Die Ausstellungen im Kunsthaus-Keller zeigt einen Einblick in das vielseitige Schaffen der Künstlerin, sowohl in den verwendeten Techniken als auch in ihren Motiven. Eine ihrer bevorzugten grafischen Techniken ist die Radierung, die sie sowohl als klassischen S/W-Druck als auch in Kombination mit Aquatinta verwendet. In ihren frühen Arbeiten überwiegen noch die realistischen Tendenzen, wie z.B. „Das Torhäuschen“ oder „ St. Blasii“. Je länger sie sich aber mit der Technik beschäftigte, desto freier und mutiger wurde der Umgang mit der Radiernadel. Das sieht man sowohl bei den Landschaftsmotiven als auch an den figürlichen Darstellungen.

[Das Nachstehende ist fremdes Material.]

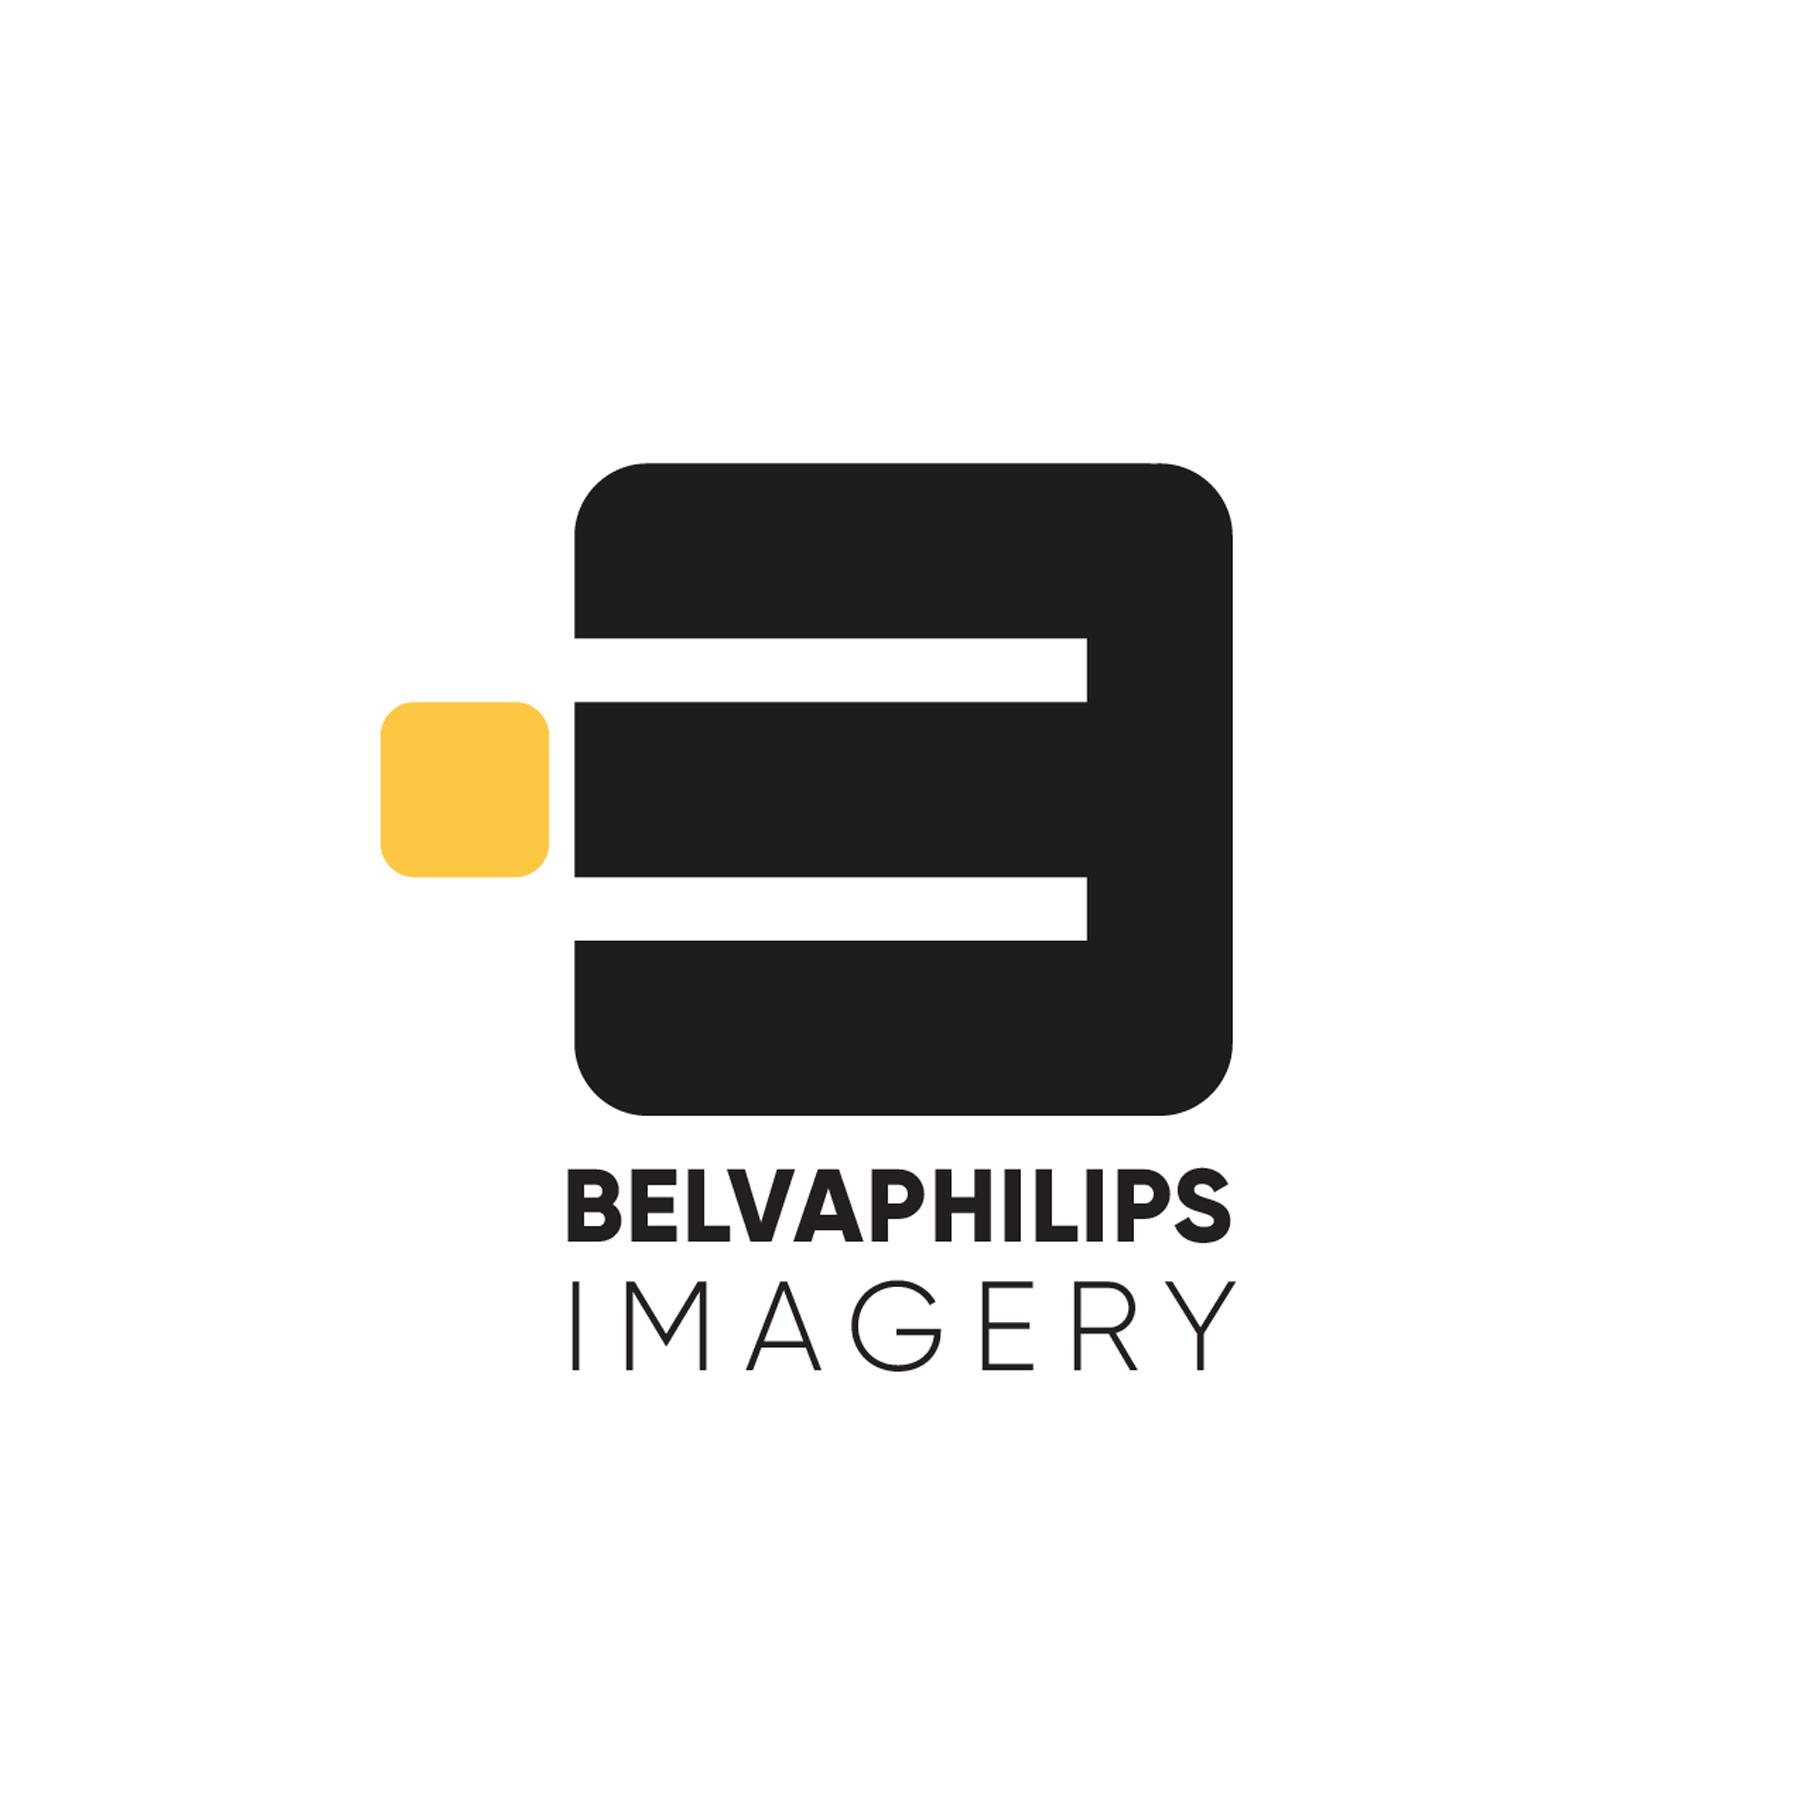 Belvaphilips.imagery logo

Bei ihren Gemälden ließ sich Ulrike Heise gern von Künstlern wie Picasso, Otto Modernsen oder Paula Modersohn Becker inspirieren. Dabei setzt sich die Künstlerin mit den Werken der großen Vorbilder auseinander und interpretiert sie dann auf ihre ganz eigene Weise. Ihre Bilder, sowohl in Figuren als auch Landschaften, zeigen Ulrike Heises besondere Fähigkeit, im scheinbar alltäglichen Motiv den besonderen Reiz zu erkennen. Ulrike Heise gehört auch zu den 33 Künstlerinnen, die mit jeweils einem Werk in der Ausstellung „Die Kunst ist weiblich.“ im Kunsthaus Meyenburg vertreten ist.

Beide Ausstellungen sind noch bis zum 31. Mai im Kunsthaus Meyenburg zu sehen.